Suruchi Bala and others v. Suruchi Bala Deb and others
1976-05-14
BAHARUL ISLAM
body1976
DigiLaw.ai
Judgement JUDGMENT.:- This appeal is by the plaintiff, who lost in both the Courts below. The plaintiffs suit was for declaration of her 3 Annas 6 Gondas 2 Koras 2 Krantis share of the jote right in the land described in Schedule I, and for partition and for delivery of khas possession of the land described in Schedule II to the plaint (hereinafter referred to as `the suit land). 2. The material facts of her case, may be, briefly, stated as follows : That one Montaz Ali Choudhury, was the owner of the jote right of the property described in Schedule I to the plaint.
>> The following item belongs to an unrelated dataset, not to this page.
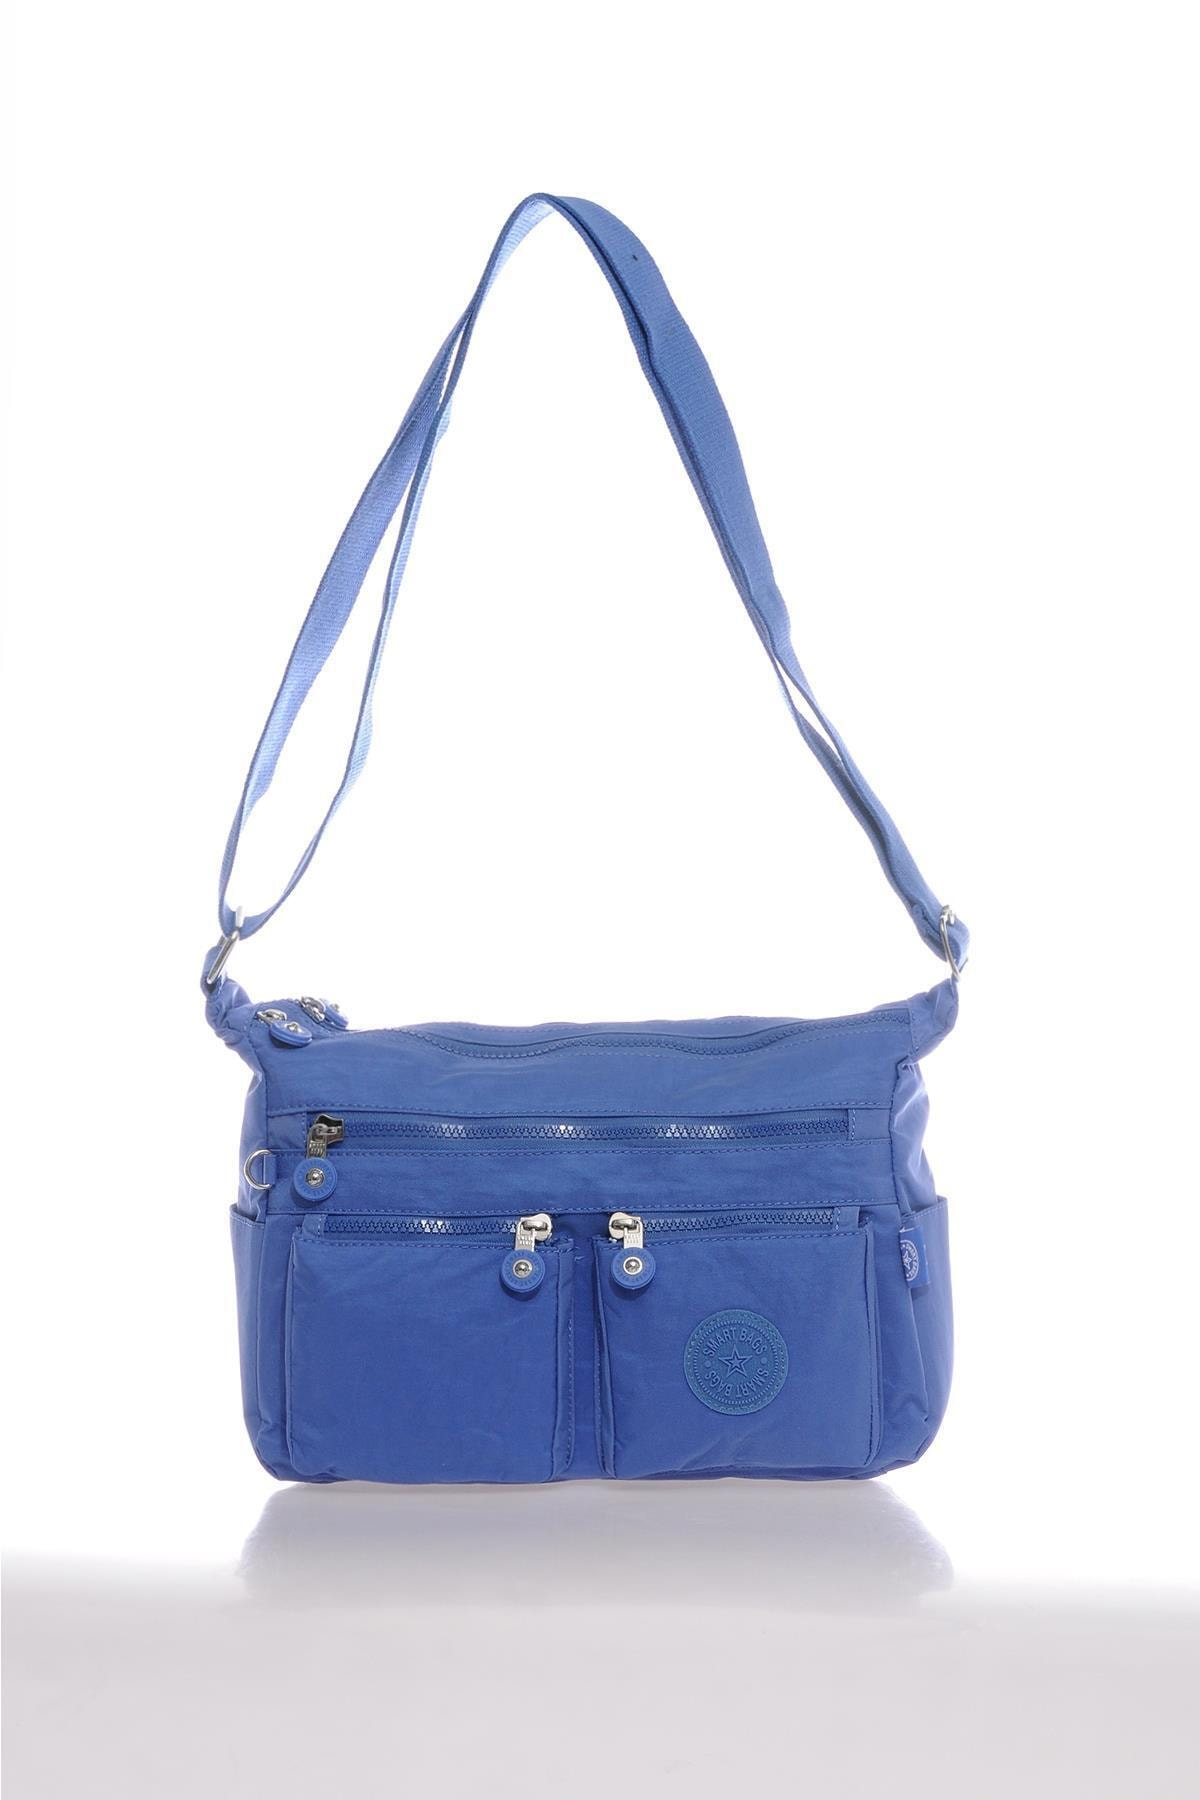 SMART BAGS Smb3065-0031 Mavi Kadın Çapraz Çanta 1
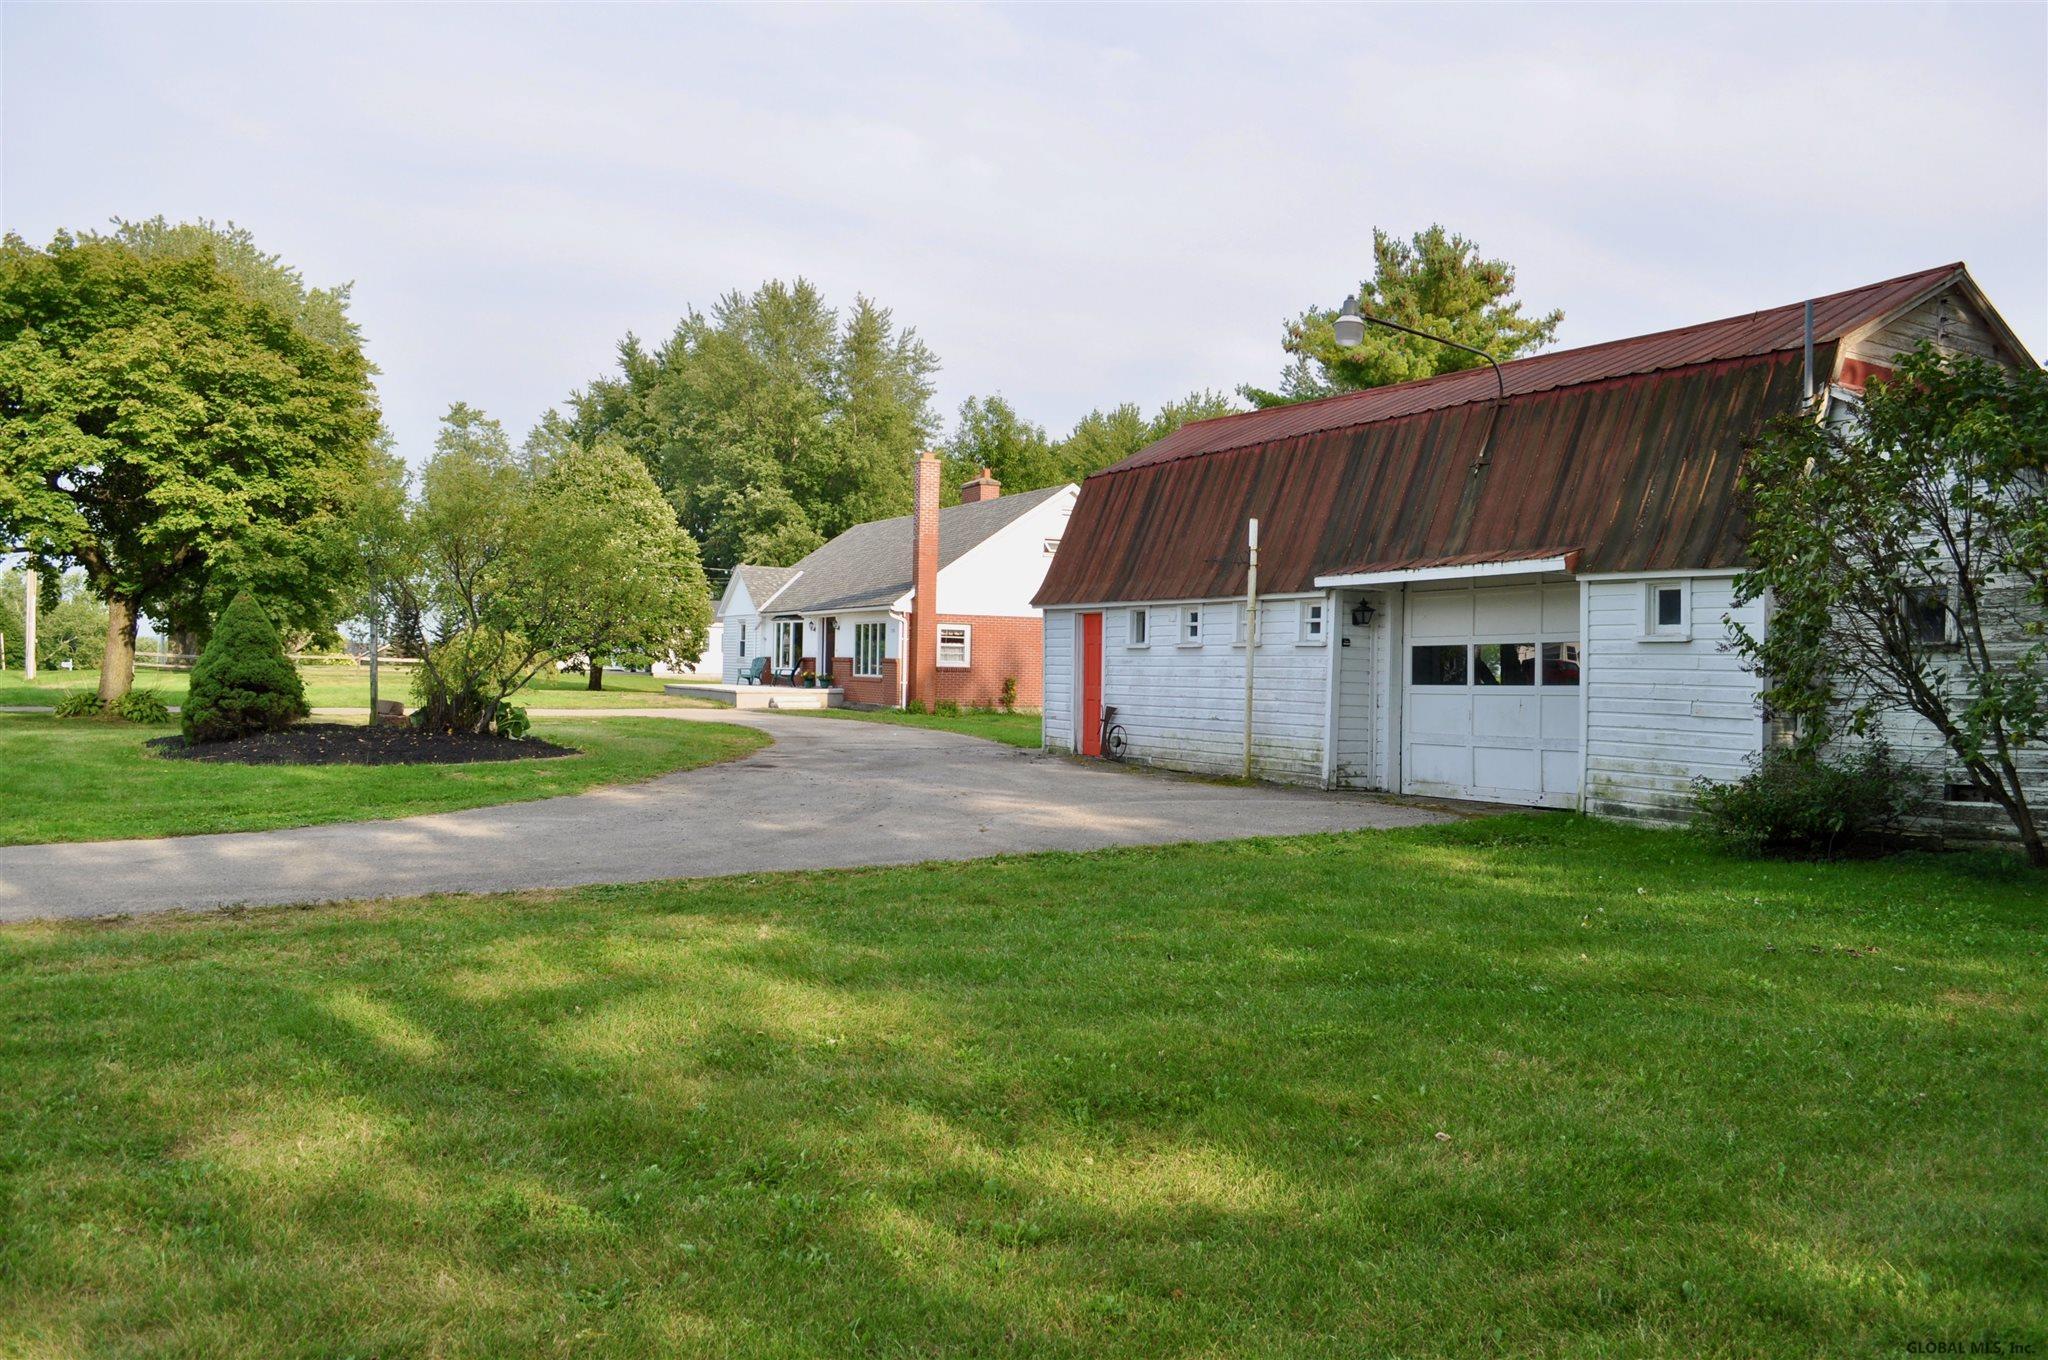 Johnstown image 91

Montaz Ali died leaving behind him his widow, four daughters and a brother, Washil Ali by name. Washil Ali died leaving his widow, Jamila Khatun Choudhury (defendant No. 6) and a step brother, Najib Ali Choudhury (defendant No. 7). The plaintiff purchased the suit land from defendants Nos. 6 and 7 by two deeds, Ext. 1 dated 29-3-60 and Ext. 2 dated 27-1-55, respectively and that she was in possession thereof and defendants Nos. 1 and 2 were in possession of the rest of the land left behind by Montaz Ali. 3. Defendants Nos. 1 and 2 filed a written statement and contested the suit. They have admitted the genealogy. They have also admitted that Montaz Ali was the jotedar of the land described in Schedule I. Their case is that the three of the daughters of Montaz Ali, namely, Tarunnessa, Kulsuma and Altabunessa sold their interest to their sister Khatibunessa. Washil Ali transferred his interest in the land and the houses to his nephew Masukuddin Choudhury by executing a registered Hiba-bil-Ewaz dated 27-9-1945 and put him in possession thereof. On 29-6-1952 Masukuddin, Jubeda Khatun and Khatibunessa sold their interests in the land to defendant No. 1 and put her in possession thereof. Since their purchase, defendants Nos. 1 and 2 have been in possession of the land purchased by defendant No. 1 by constructing houses thereon. They have denied that the plaintiff or her predecessors-in-interest was ever in possession of the land. 4. After the written statement was filed, the plaintiff amended her plaint and added a new para being Para 6A.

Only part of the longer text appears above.